Rather than looking for a metric that seems remotely related to your product, consider centering your product growth strategy around a single guiding metric. Just as sailors used the North Star located directly above Earth’s North Celestial Pole to navigate the oceans, you can use a North Star metric to align your team around the primary goal of growing the product.

Of course, sales, engineering, product, and marketing teams can always have their own sub-goals and metrics. But having that bright North Star overhead keeps everyone moving in the same general direction. Because a North Star metric is focused on overall product growth, there is a built-in level of transparency and team-wide camaraderie not found in other company-specific initiatives. ‘crew.

However, what makes a North Star metric such an effective measure of success is its intrinsic relationship with users. By definition, a North Star metric is the number that best reflects the value your product provides to users. Therefore, your teams will always be aligned and working together to develop your product.

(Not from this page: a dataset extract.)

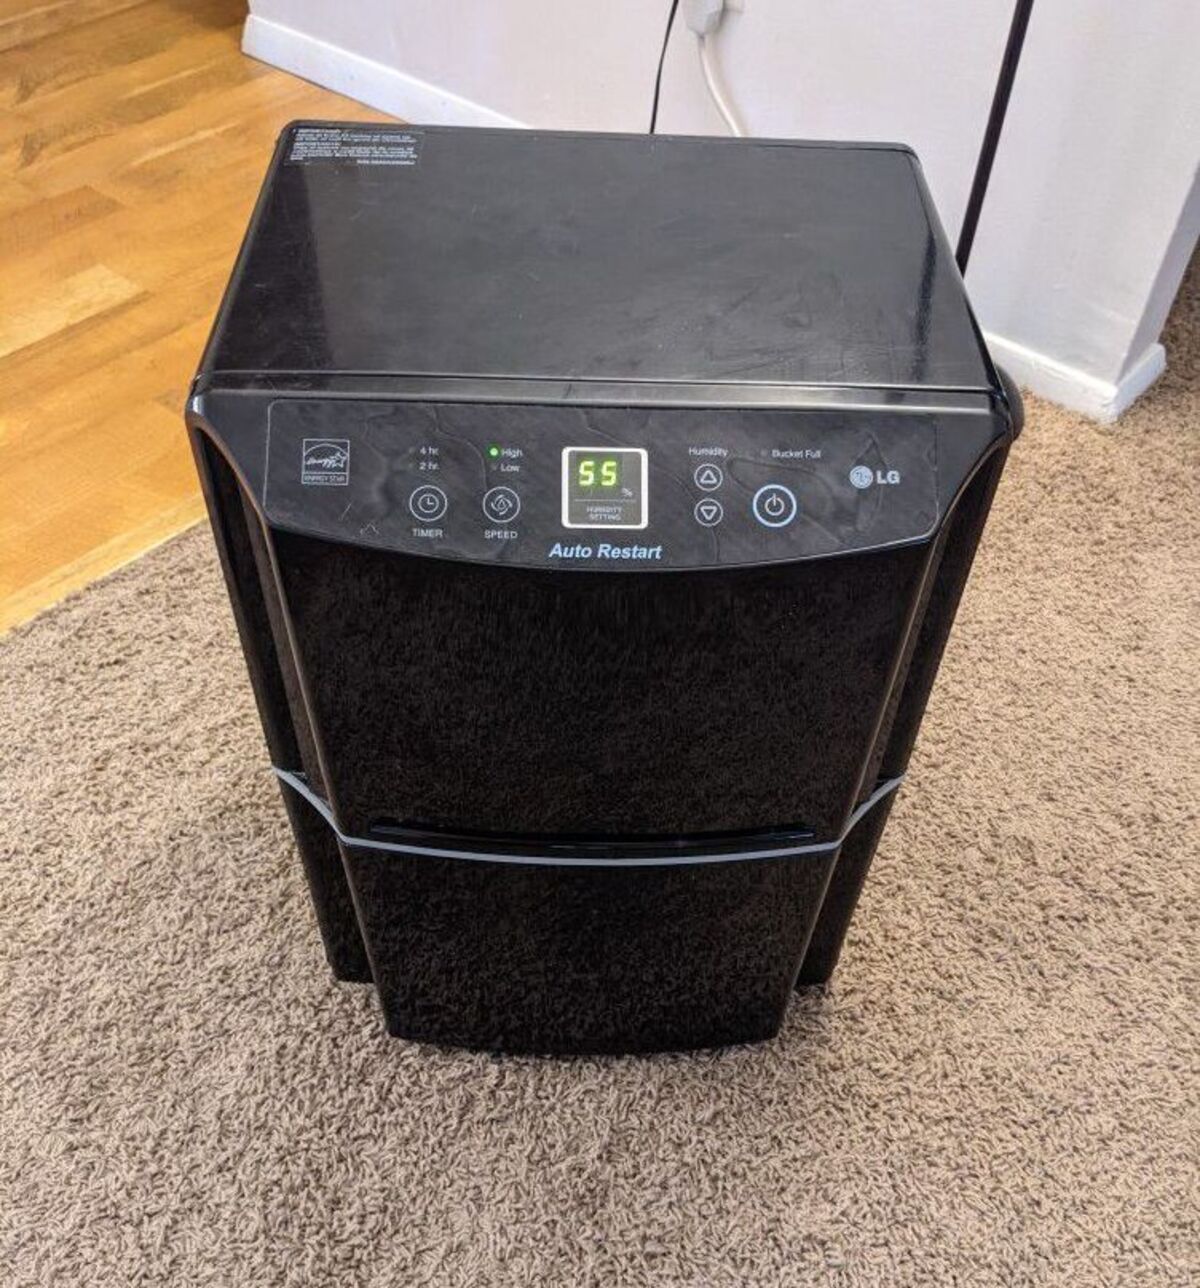 How To Fix The Error Code LO For LG Dehumidifier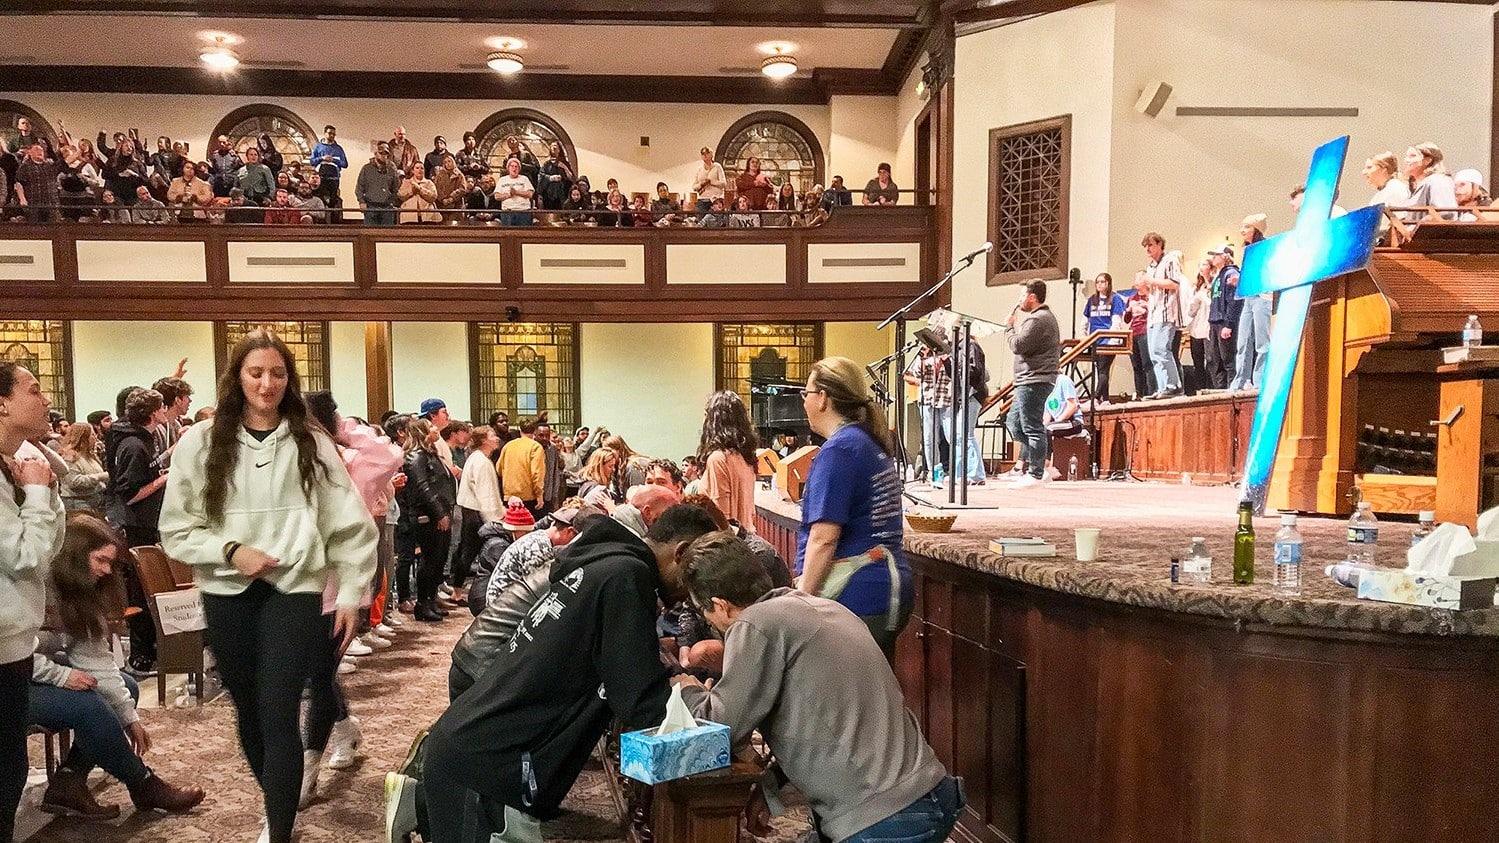 Citing Disruptions, Asbury Authorities Move to End 13 Days of Revival

Related: Customer experience will determine the success of your business

What constitutes a North Star metric?

So what is a North Star metric? It is important to note that revenue is not a North Star measure. When you track your product revenue, you are tracking how much money you have earned at the end of the month, quarter, or year. Although this is a good indicator of success, it is not user specific. For example, revenue alone cannot tell you how much the average user spends on your products and how long they stay loyal.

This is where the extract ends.